Though this requires compiler designers and processor designers
to talk to each other, which might not happen as often as it should.

-- glen
[This is pretty standard in the toolchains for embedded processors.  I
gather that the ARM compilers generate intermediate code, and all the
optimization and code generation happens in the linker. -John]

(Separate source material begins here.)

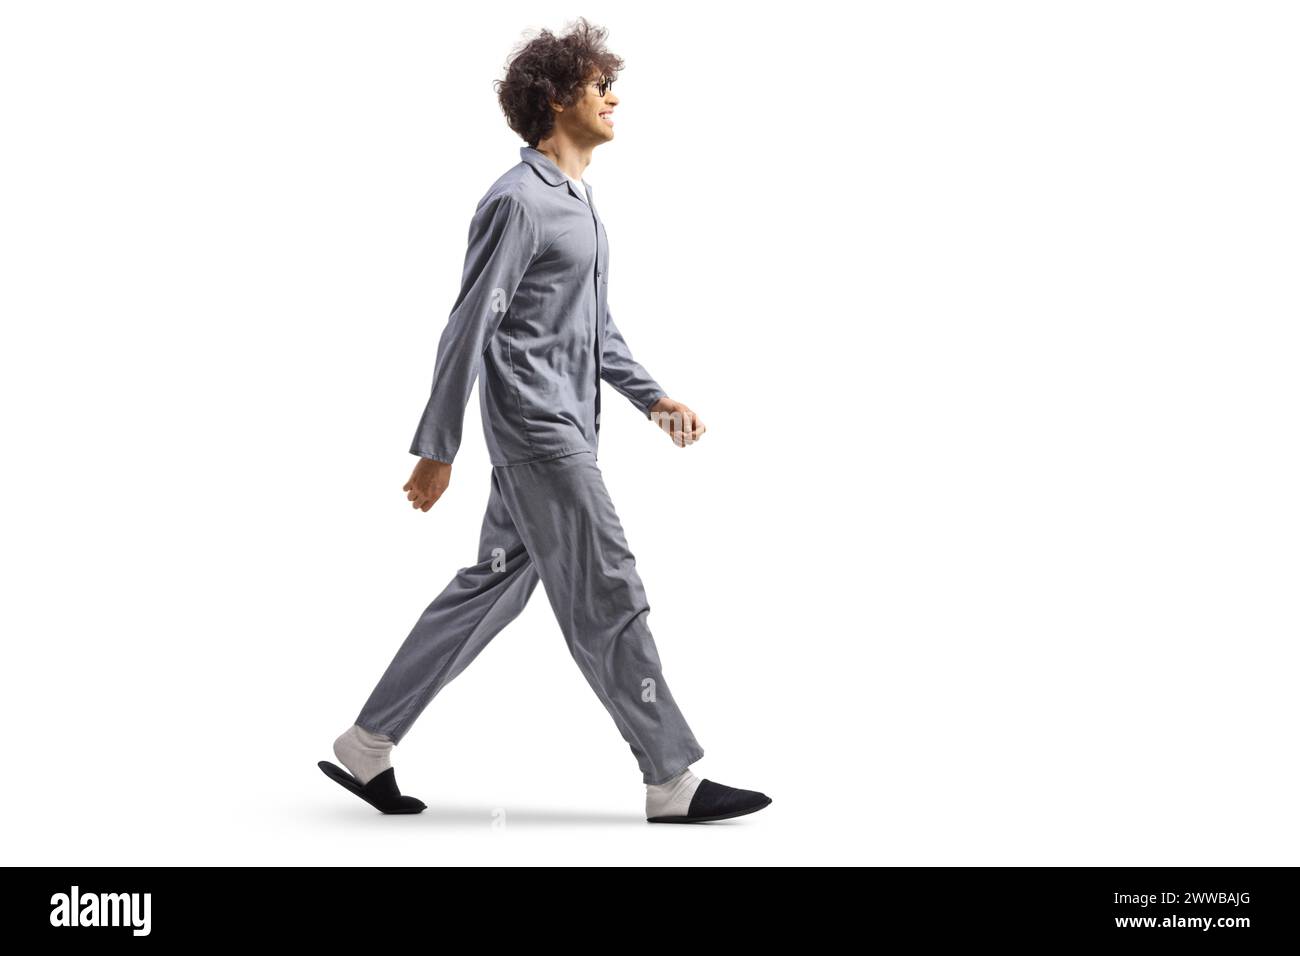 Plan de profil pleine longueur d'un jeune homme en pyjama et pantoufles marchant isolé sur fond blanc Banque D'Images

[toc] | [next] | [standalone]

#235

From	anton@mips.complang.tuwien.ac.at (Anton Ertl)
Date	2011-08-13 12:38 +0000
Message-ID	<11-08-018@comp.compilers>
In reply to	#232

glen herrmannsfeldt <gah@ugcs.caltech.edu> writes:
>A recent post to comp.lang.fortran on optimization reminded me of
>something I thought about some time ago.  Someone was wondering if any
>optimization was done at link time.  In the case of Fortran, the
>answer is usually no.
>
>It seems to me, though, that in the case of RISC, and even more in the
>case of VLIW processors like Itanium, delaying the final optimization
>and code generation pass would be useful.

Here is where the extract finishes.